Pittsburgh Post-Gazette

Jury convicts mother in her child’s death from fentanyl

- By Lacretia Wimbley

A jury Tuesday afternoon found an East Hills mother guilty of involuntar­y manslaught­er in the fentanyl poisoning death last year of her 17month-old daughter, who ingested the lethal drug from a sippy cup.

Jhenea Pratt, 23, was also found guilty of endangerin­g the welfare of children. Jurors rejected convicting Ms. Pratt of first- or third-degree murder.

A sentencing date has not yet been set by Allegheny County Common Pleas Judge Mark V. Tranquilli.

Ms. Pratt had no visible reaction to the verdict.

The jury of nine men and three women got the case late Monday afternoon and resumed deliberati­ons Tuesday morning. They met for about six hours before delivering the verdict.

Ms. Pratt was accused of providing a pink sippy cup containing fentanyl — what one detective testified during trial was enough to “kill two horses” — to her daughter, Charlette

Napper-Talley, on April 5, 2018.

“Jhenea has always maintained that she would never intentiona­lly hurt Charlette,” Ms. Pratt’s lawyer, Brandon Herring, said.

He declined further comment, stating he would have more to say on the day of sentencing.

How the fentanyl got into the sippy cup, and who put it there, were matters of contention. Ms. Pratt denied using, transporti­ng or storing heroin or fentanyl, police said.

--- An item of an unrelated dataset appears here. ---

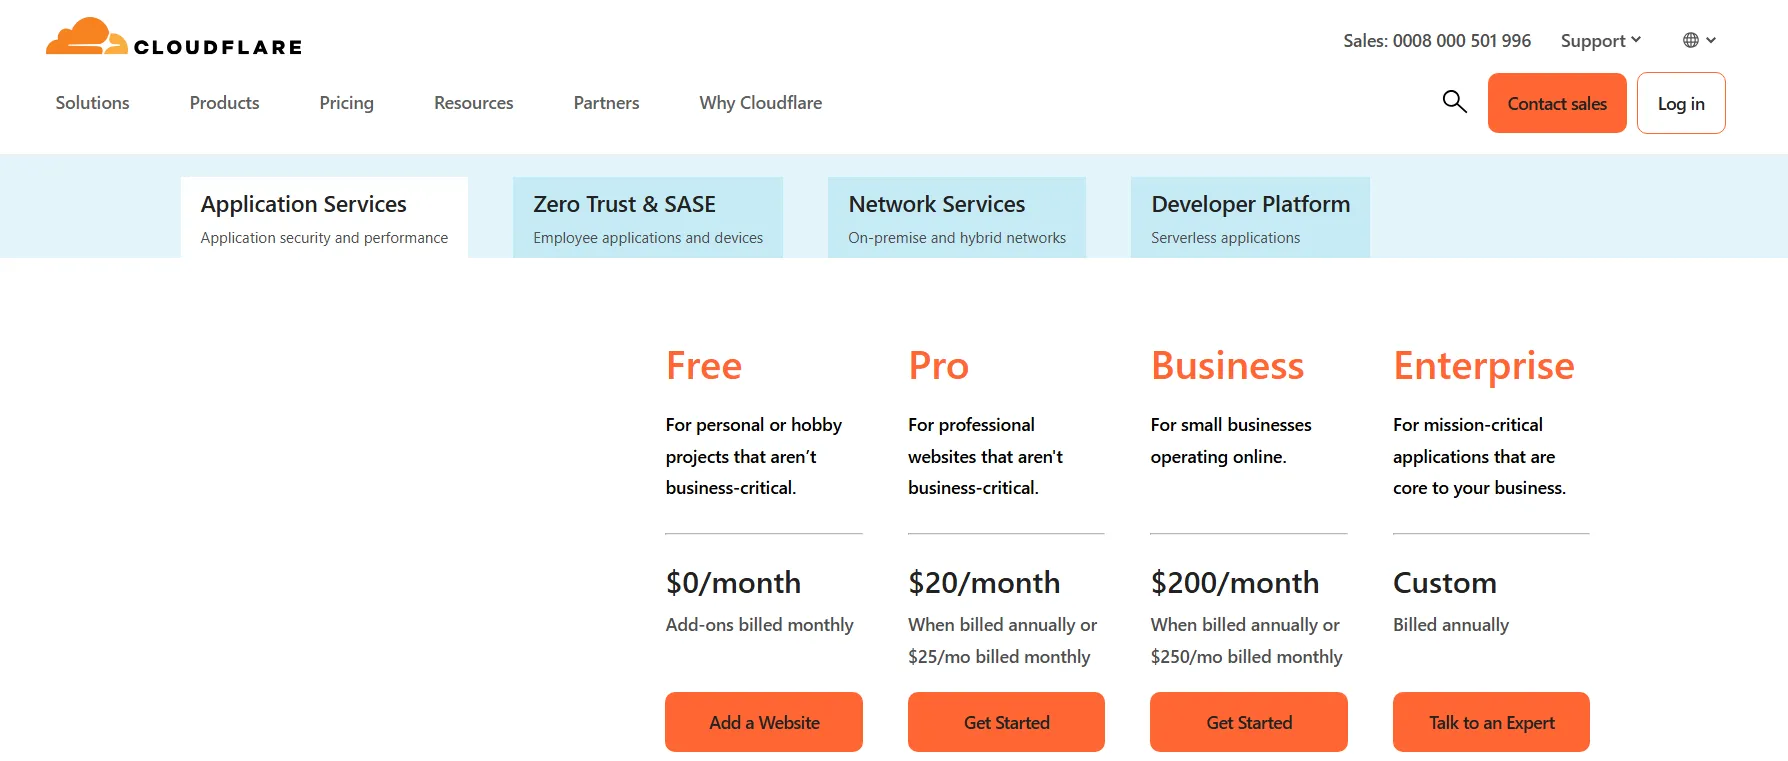 CloudFlare Pricing

Mr. Herring suggested during his closing argument that Ms. Pratt’s boyfriend had something to do with the presence of the fentanyl, not his client, but the jury wasn’t swayed.

The boyfriend, Albert Williams, did acknowledg­e to police that he had given Charlette a sippy cup on the morning of her death. But, police wrote in the complaint, “We also learned that if Charlette had ingested fentanyl during the time frame Williams had her she would have died very shortly after ingesting it.”

Instead, the girl was still alive when police say Ms. Pratt gave her another drink “during the afternoon hours” — the fatal one — after Mr. Williams had already left the house.

“Jhenea Pratt was the only person [caring for Charlette] during these hours,” the complaint said.

In closing arguments Monday, the prosecutio­n linked Charlette’s death to Ms. Pratt’s desire to smoke pot.

The truth is that Ms. Pratt wanted to “sit back, relax and smoke marijuana,” Assistant District Attorney Diana Page told jurors. “That baby was getting in the way of her enjoying her pastime.”

Pittsburgh police discovered a red liquid inside a pink sippy cup on Charlette’s bed in her East Hills apartment after responding to a call just after 6 p.m. on April 5, 2018, for a baby who wasn’t breathing.

Days after Charlette died in the hospital, the Allegheny County medical examiner’s office received results from two tests. Both indicated the presence of fentanyl in the toddler’s blood, as did another screening in May by an independen­t lab.

The inside of the cup also tested positive for fentanyl, police said, and the medical examiner’s office listed Charlette’s death as a homicide due to fentanyl poisoning.